═══ Data

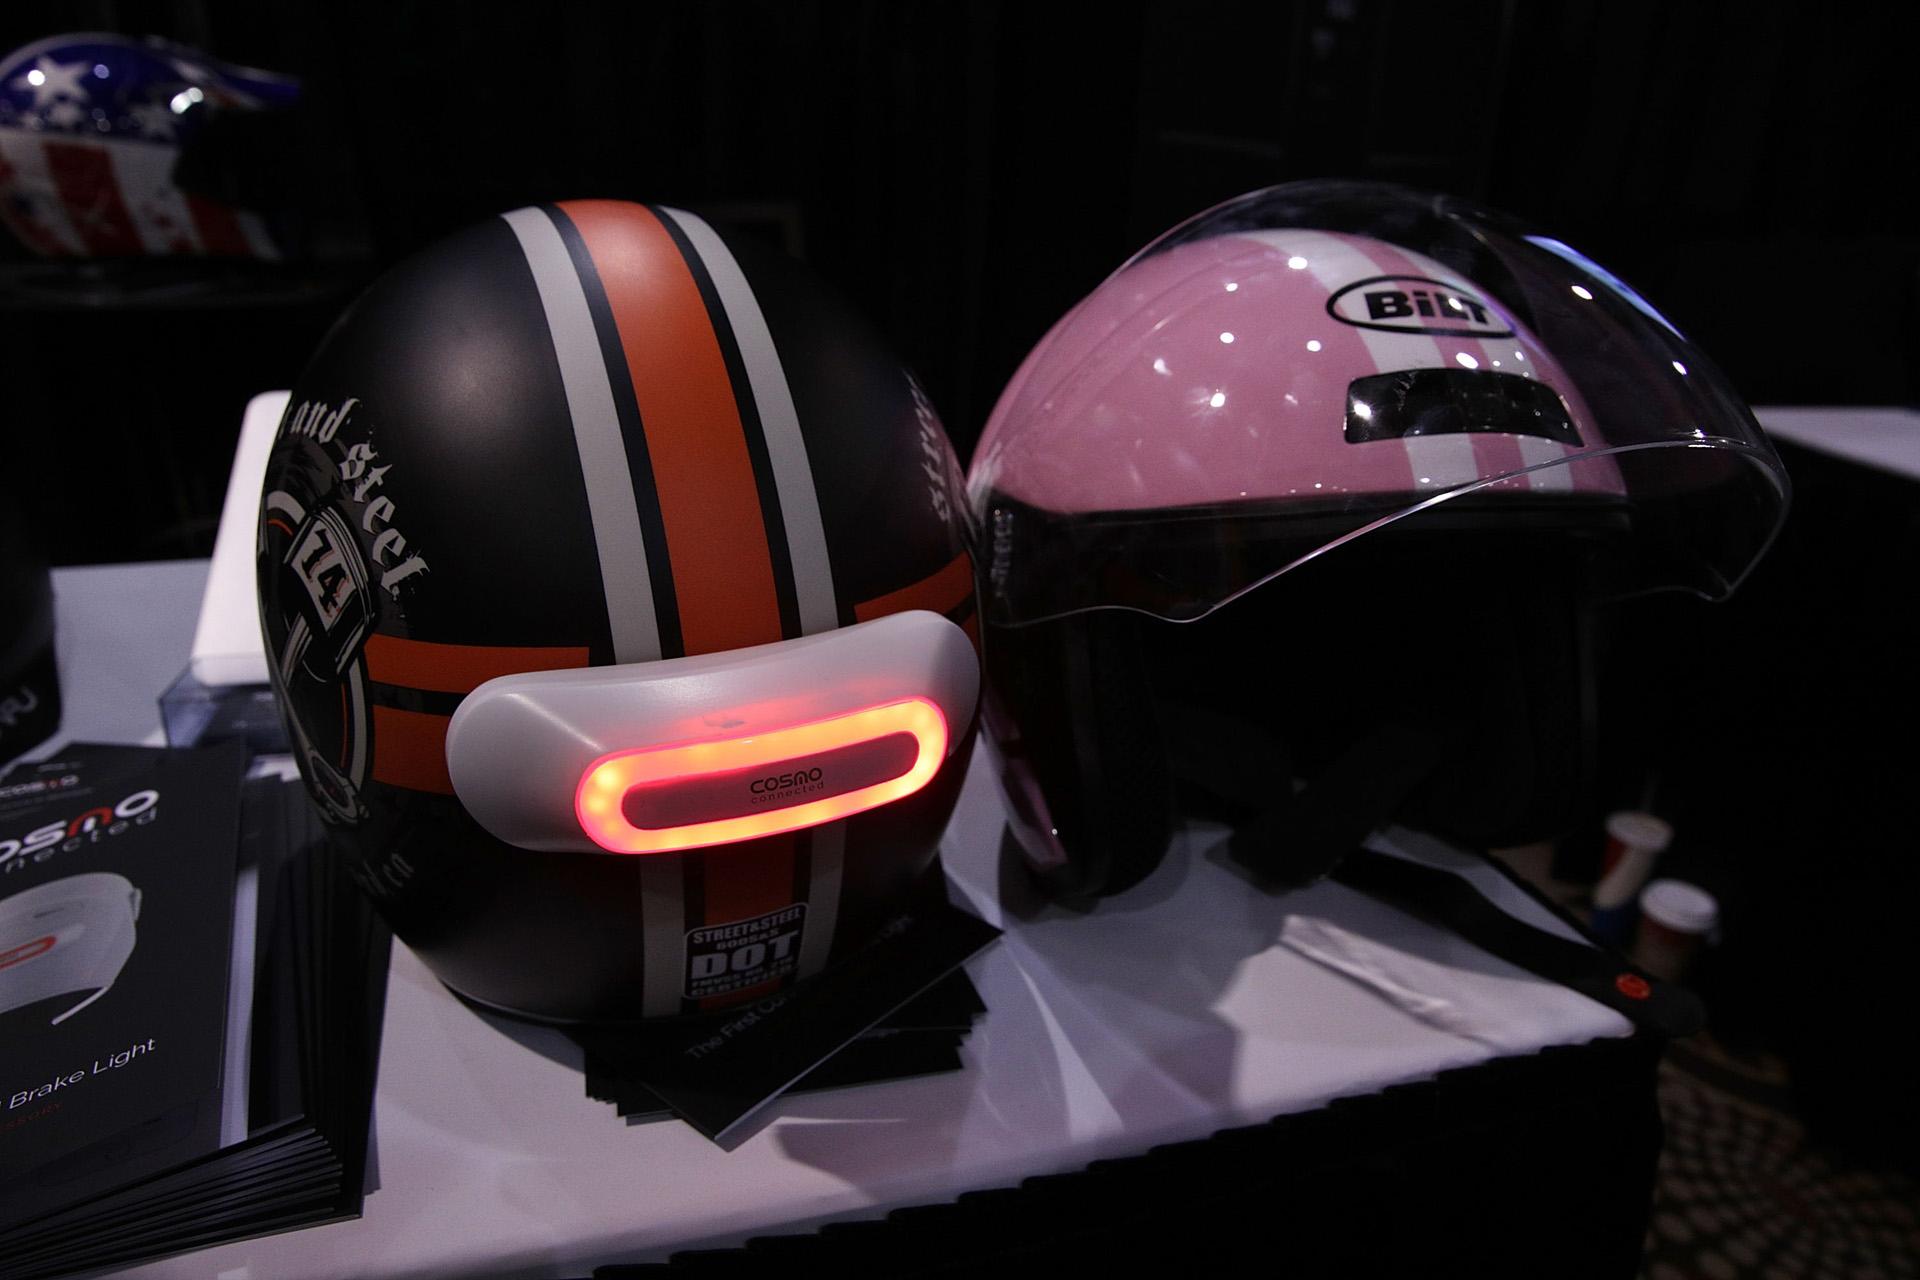 Cosmo Connected, una luz inteligente, con servicio de geolocalización que en envía una alerta en caso de accidentes. El dispositivo se puede añadir a cualquier caso de bicicleta o moto (Alex Wong/Getty Images/AFP).
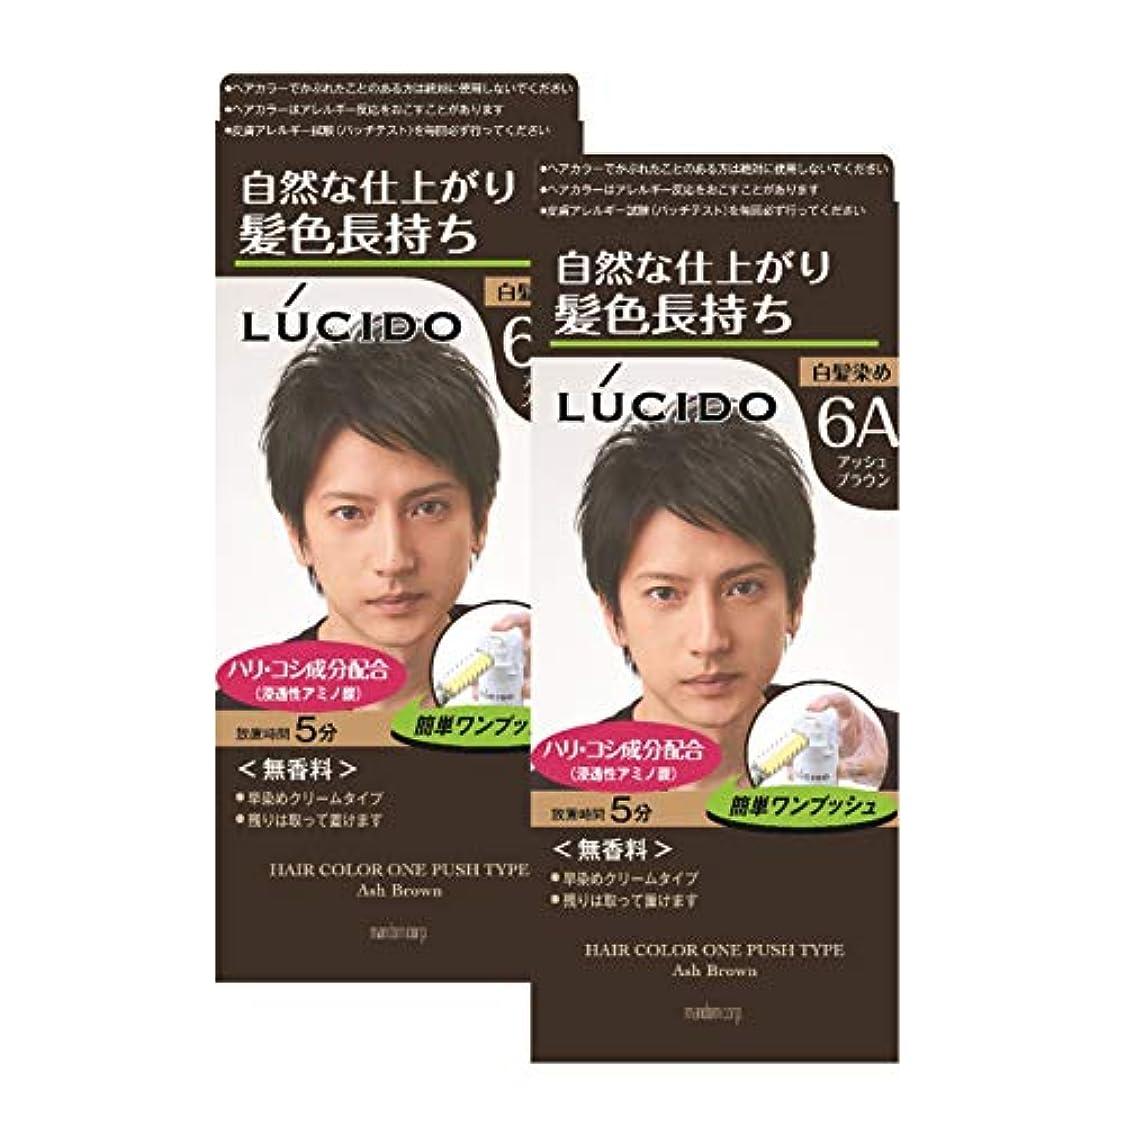 デザイナー倒錯援助LUCIDO(ルシード) ルシード ワンプッシュケアカラー アッシュブラウン (医薬部外品) 白髪染め 2個パック
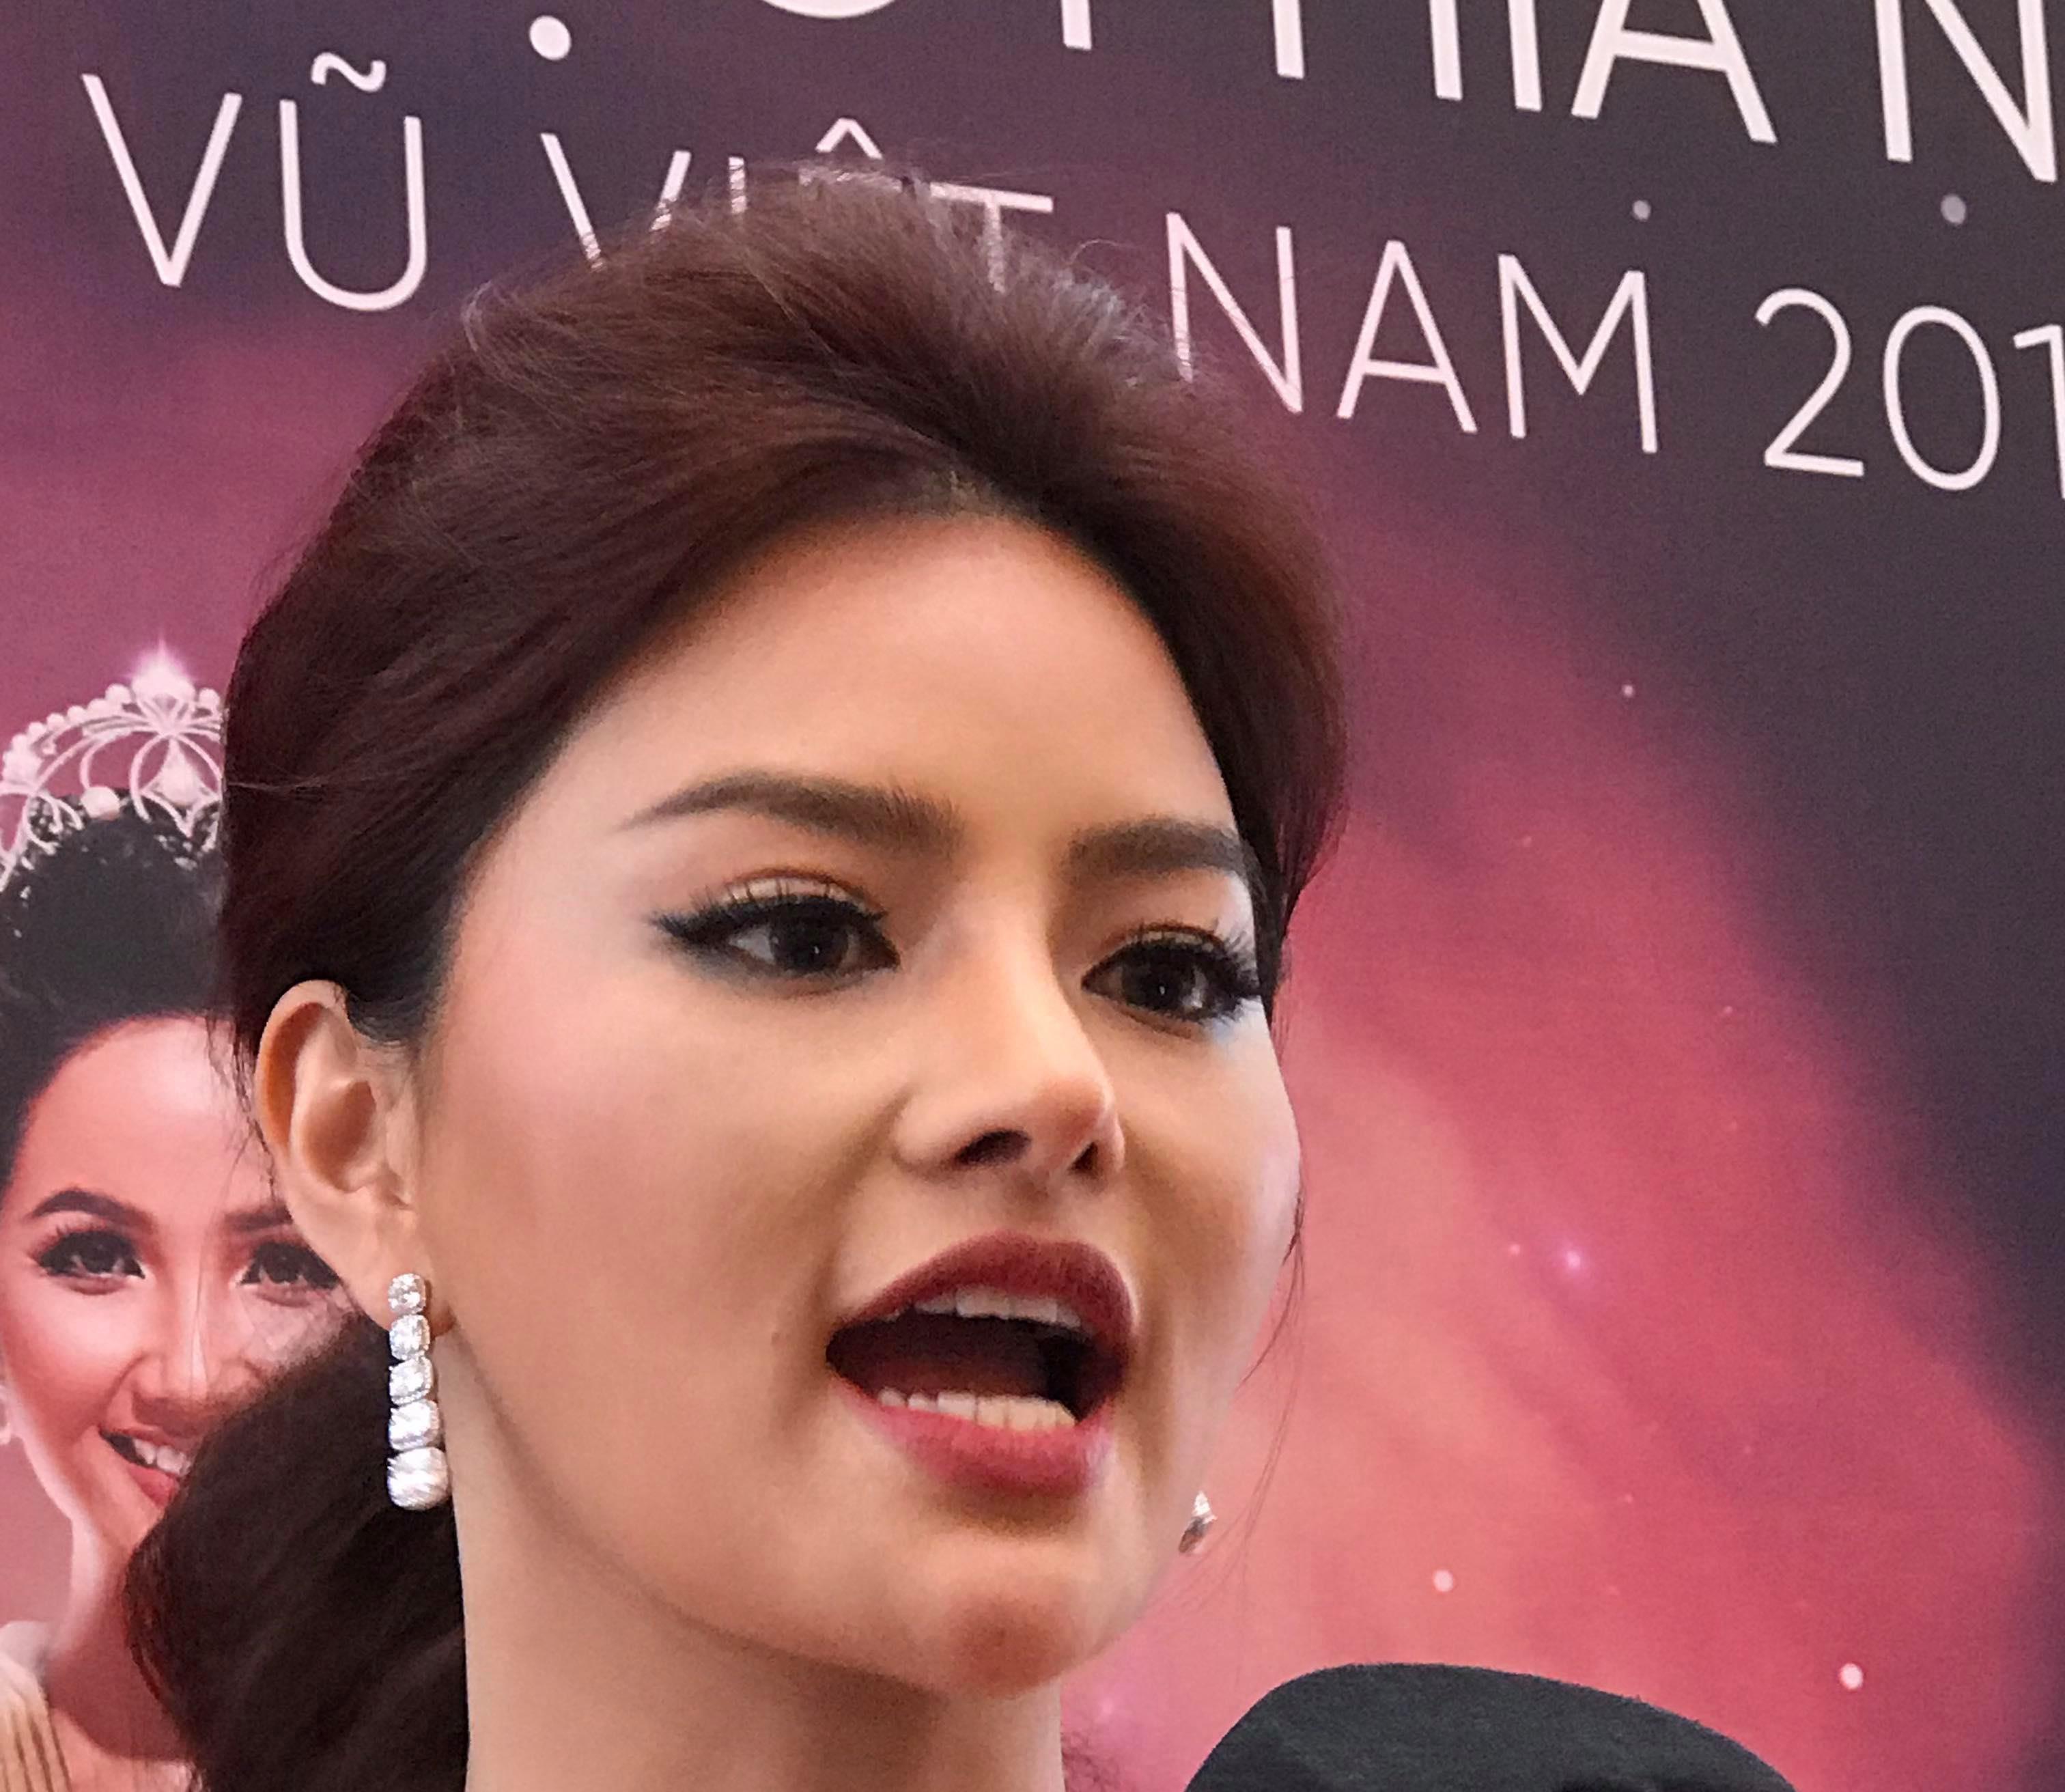 """Vì sao cựu mẫu Vũ Thu Phương lại bị """"nghi"""" phẫu thuật thẩm mỹ? - 1"""
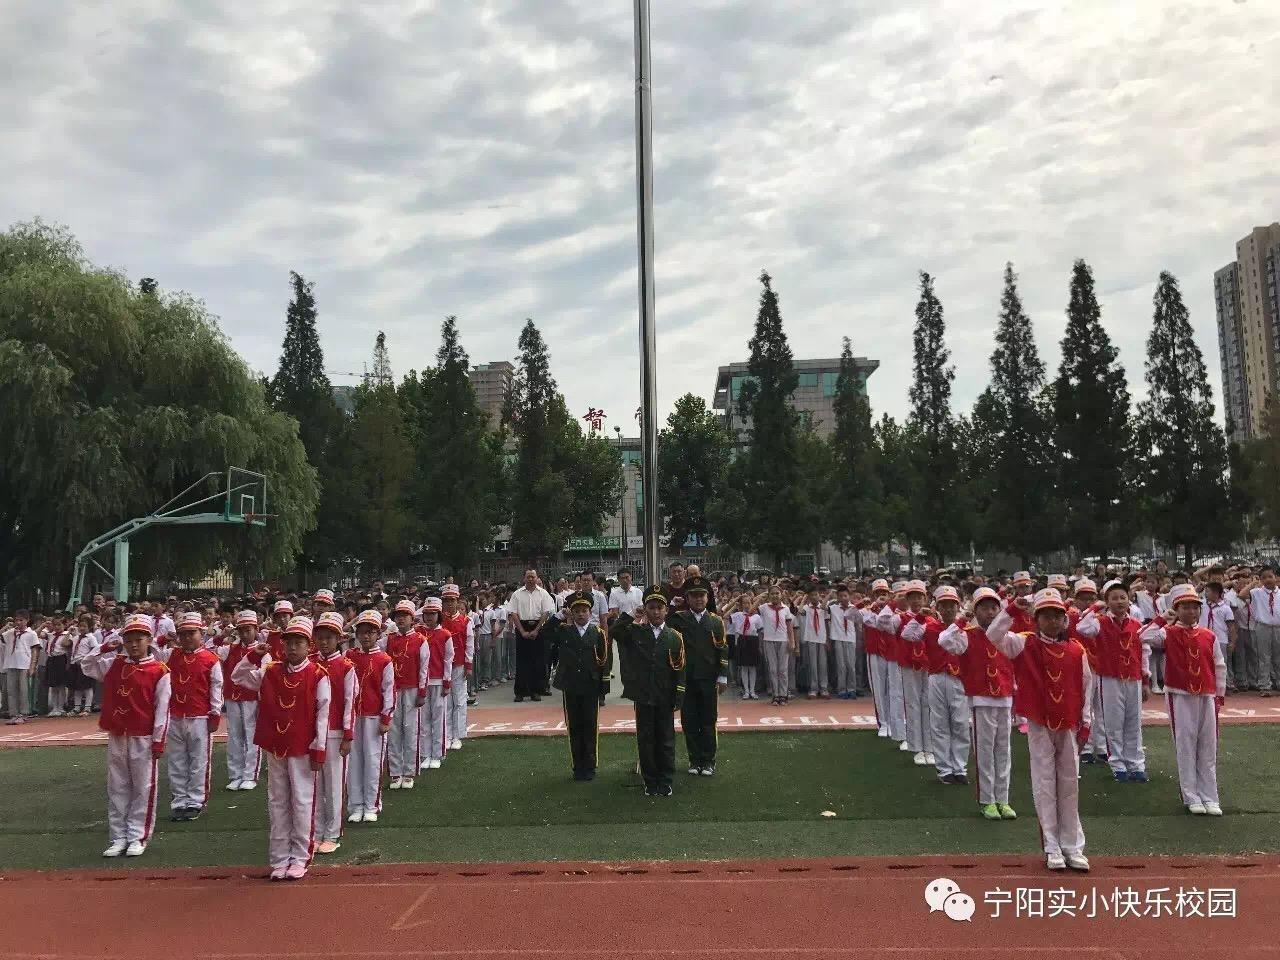 宁阳实验小学向国旗敬礼升旗仪式宣誓

══════

§ Task goal
Please produce an exact copy of all the material, leaving out the pictures.

§ Finished task
 Cosmo Connected, una luz inteligente, con servicio de geolocalización que en envía una alerta en caso de accidentes. El dispositivo se puede añadir a cualquier caso de bicicleta o moto (Alex Wong/Getty Images/AFP).
 デザイナー倒錯援助LUCIDO(ルシード) ルシード ワンプッシュケアカラー アッシュブラウン (医薬部外品) 白髪染め 2個パック
 """Vì sao cựu mẫu Vũ Thu Phương lại bị """"nghi"""" phẫu thuật thẩm mỹ? - 1"""
 宁阳实验小学向国旗敬礼升旗仪式宣誓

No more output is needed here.